Aberrant expression of interleukin-17A (IL-17A) by regulatory T cells (Tregs) is one of the perturbations observed in chronic human inflammatory skin diseases such as psoriasis. Remedios et al. investigated the pathways that normally restrain Tregs from morphing into pathogenic cells secreting IL-17A. Absence of the CD27 and OX40 receptors on skin-resident Tregs in mice led to marked increases in their IL-17A expression and cutaneous inflammation. The subset of cutaneous Tregs making IL-17A in patients with psoriasis and hidradenitis suppurativa expressed low levels of CD27. These studies identify two receptor-ligand pathways that act in concert to maintain the normal homeostatic function of cutaneous Tregs.

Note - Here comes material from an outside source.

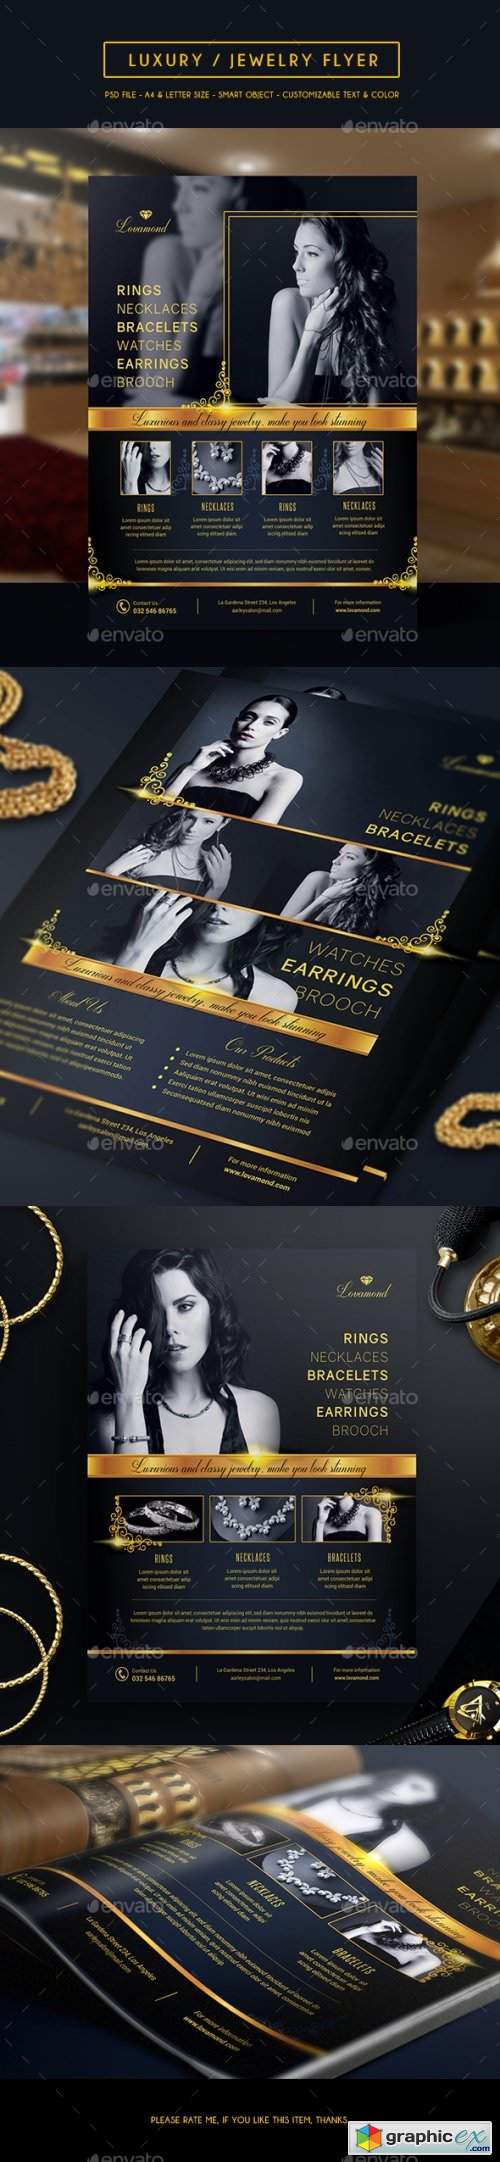 Luxury/Jewelry Store Flyer

Regulatory T cells (Tregs) are closely related to TH17 cells and use aspects of the TH17-differentiation program for optimal immune regulation. In several chronic inflammatory human diseases, Tregs express IL-17A, suggesting that dysregulation of TH17-associated pathways in Tregs may result in either loss of suppressive function and/or conversion into pathogenic cells. The pathways that regulate the TH17 program in Tregs are poorly understood. We have identified two TNF receptor superfamily (TNFRSF) members, CD27 and OX40, that are preferentially expressed by skin-resident Tregs. Both CD27 and OX40 signaling suppressed the expression of TH17-associated genes from Tregs in a cell-intrinsic manner in vitro and in vivo. However, only OX40 played a nonredundant role in promoting Treg accumulation. Tregs that lacked both CD27 and OX40 were defective in controlling skin inflammation and expressed high levels of IL-17A, as well as the master TH17 transcription factor, RORγt. Last, we found that CD27 expression was inversely correlated with Treg IL-17 production in skin of patients with psoriasis and hidradenitis suppurativa. Together, our results suggest that TNFRSF members play both redundant and distinct roles in regulating Treg plasticity in tissues.